(PROVIDED DATA)
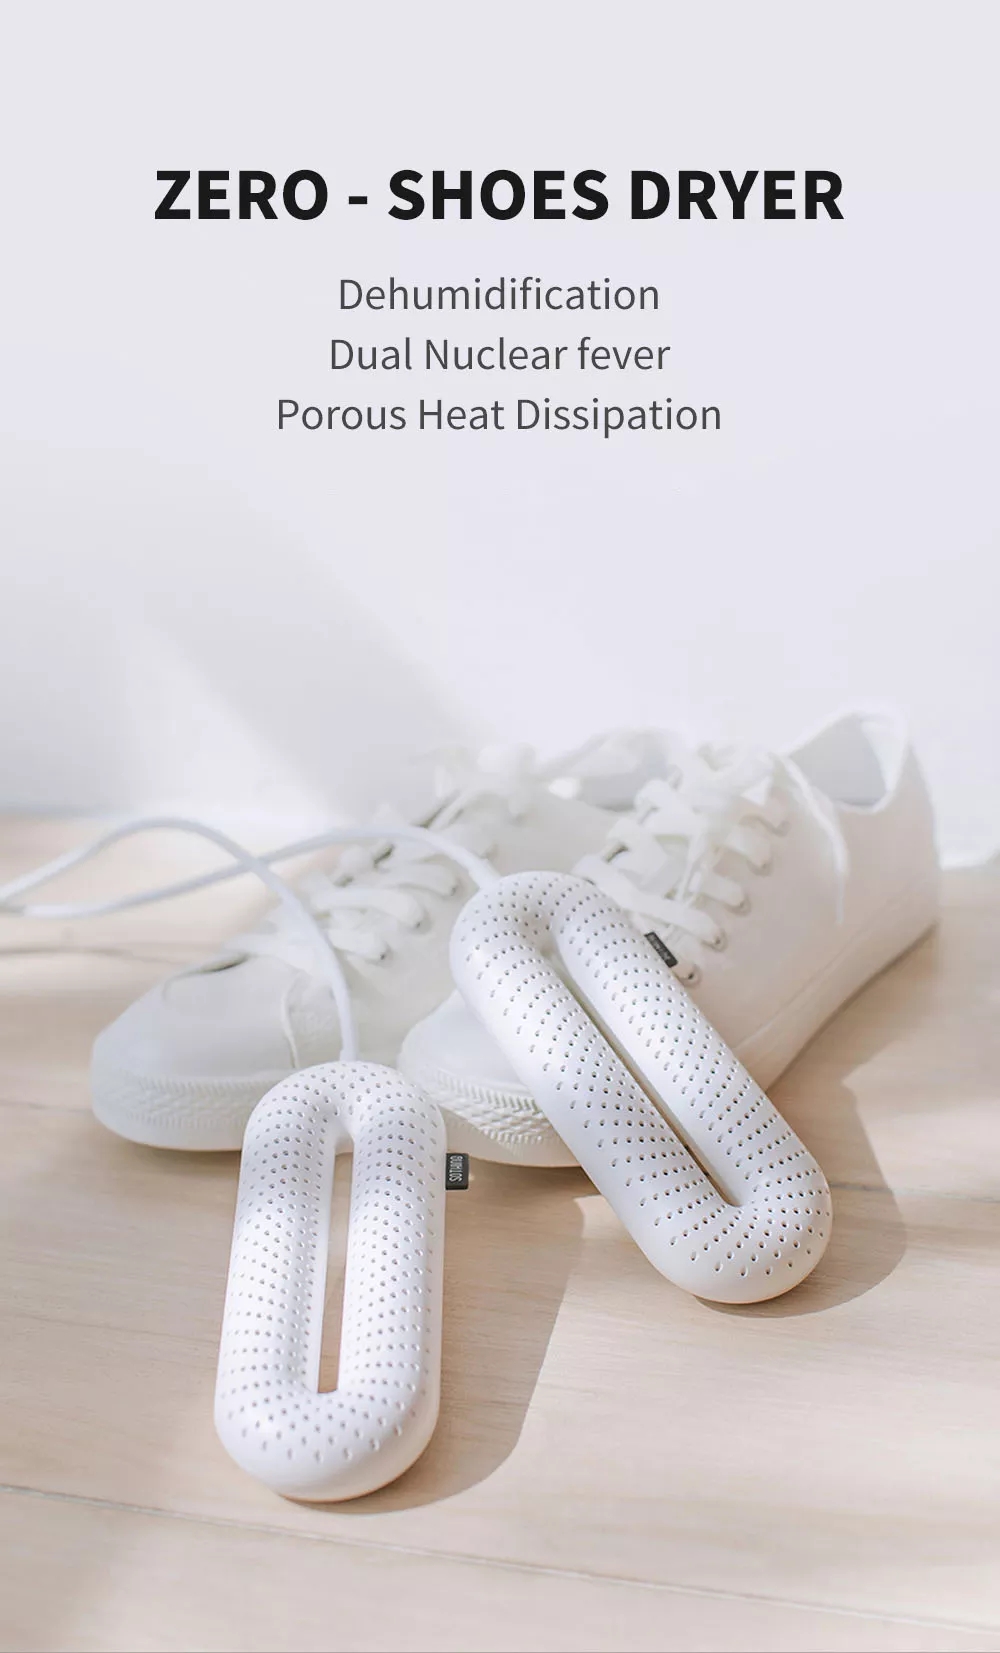 Xiaomi Sothing Shoe Dryer Foot Protector Boot Deodorant Dehumidify Device Winter Shoes Drier Heater 
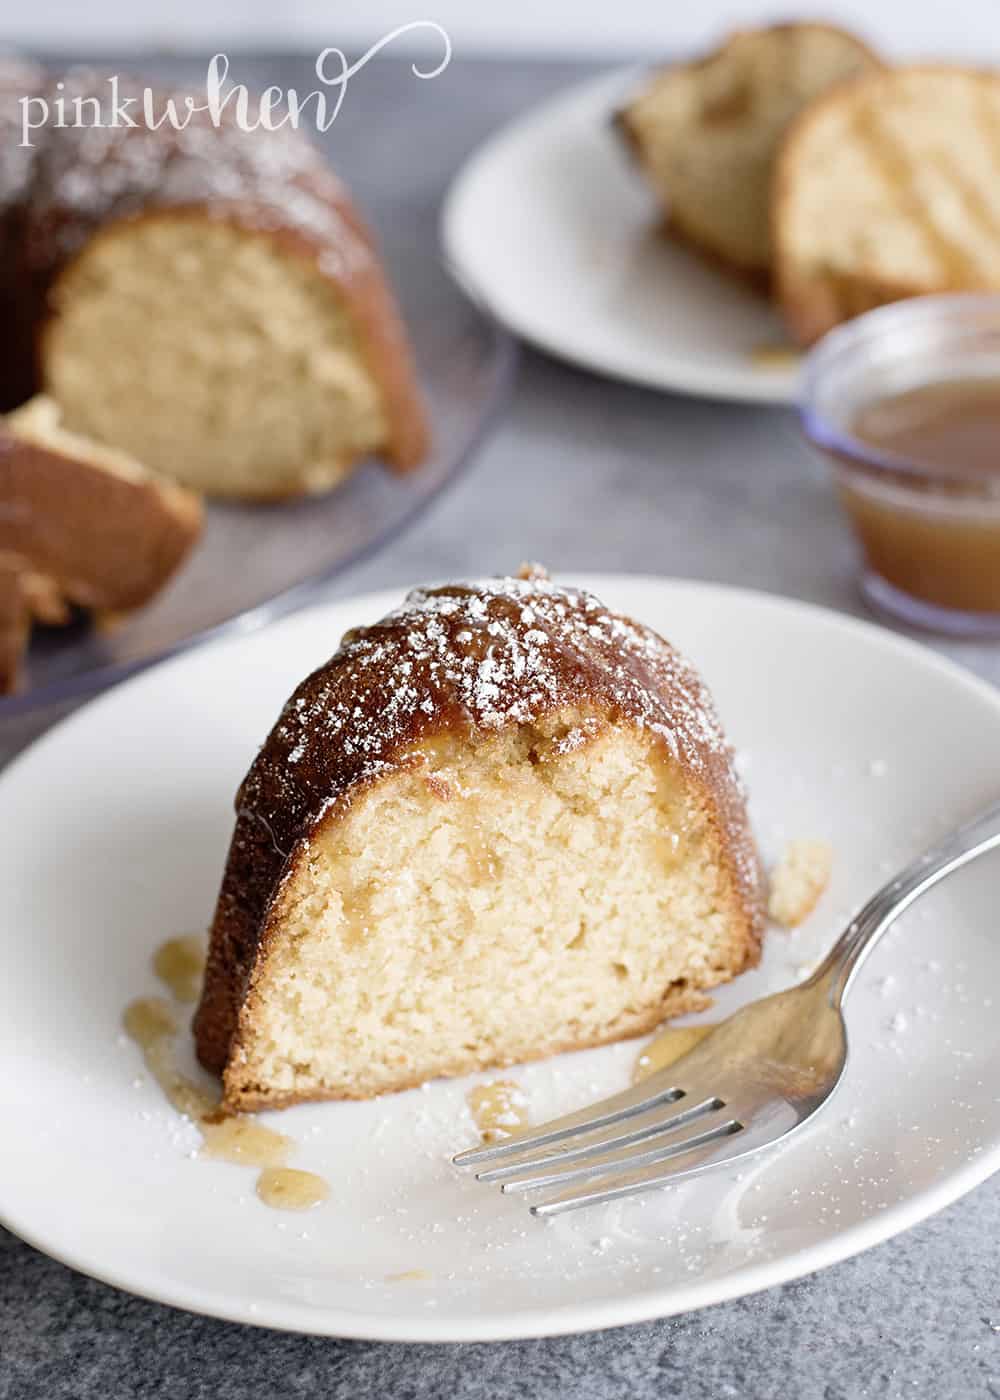 This BROWN SUGAR BUNDT CAKE is a must do recipe. It's one of the best, moist cake recipes I have had in a LONG time. Check it out! #bundtcake #cakerecipe #dessert
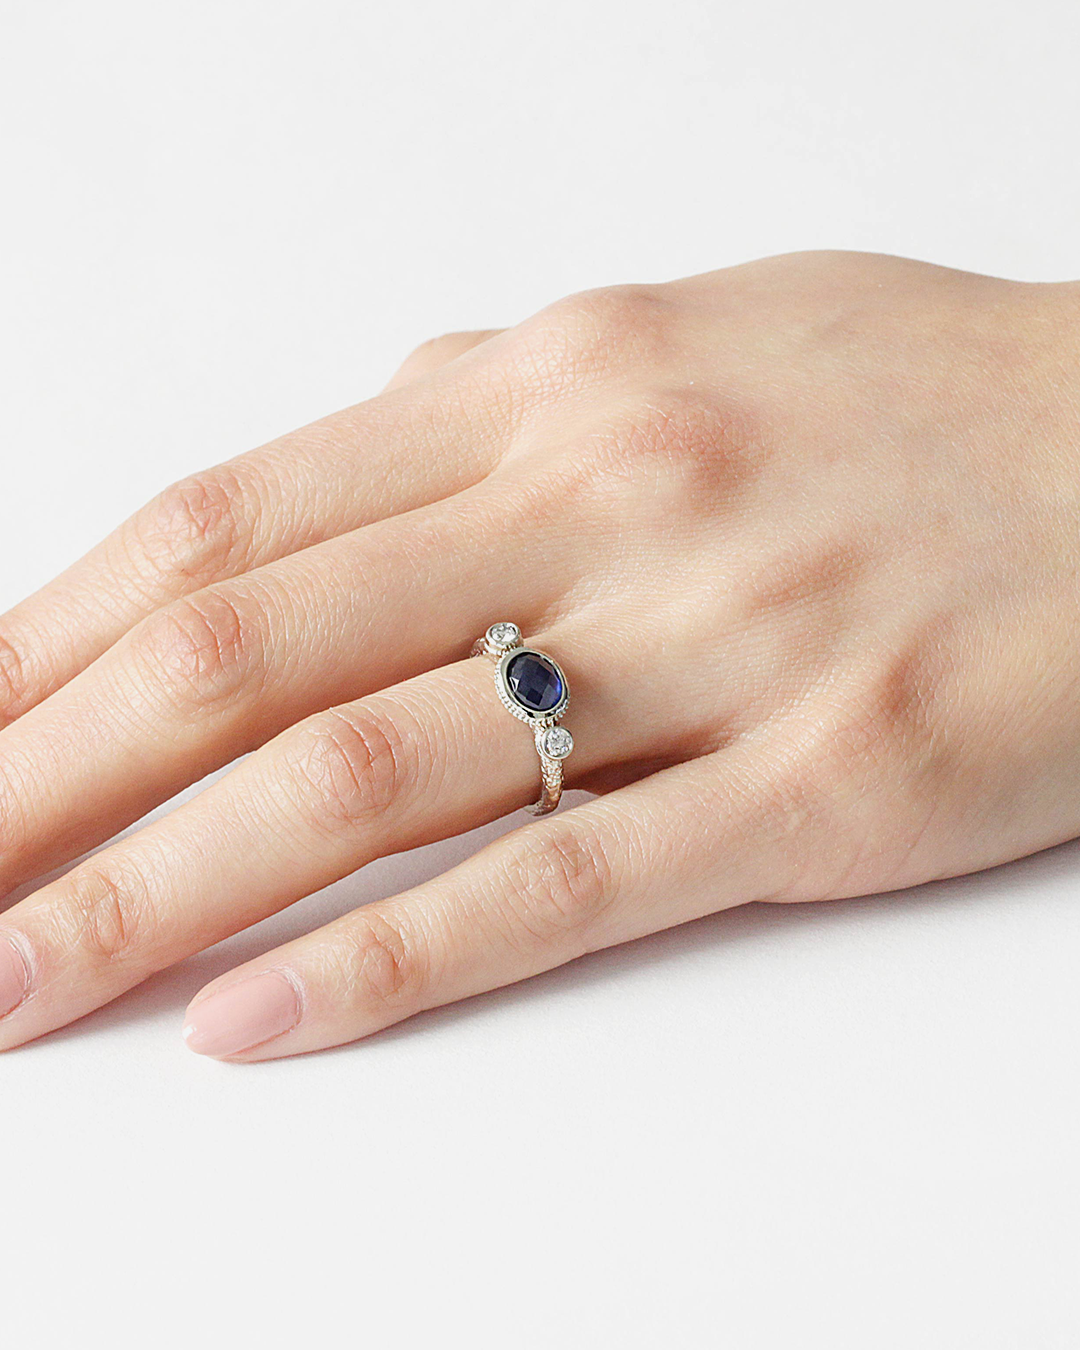 Alex Ring / Sapphire + Diamonds By fitzgerald jewelry in Engagement Rings Category

(EXERCISE BRIEF) Pictures stay out. Print the data exactly, from its first line through the line containing "This BROWN SUGAR".

(ANSWER TO THIS TASK)
 Xiaomi Sothing Shoe Dryer Foot Protector Boot Deodorant Dehumidify Device Winter Shoes Drier Heater 
 This BROWN SUGAR BUNDT CAKE is a must do recipe. It's one of the best, moist cake recipes I have had in a LONG time. Check it out! #bundtcake #cakerecipe #dessert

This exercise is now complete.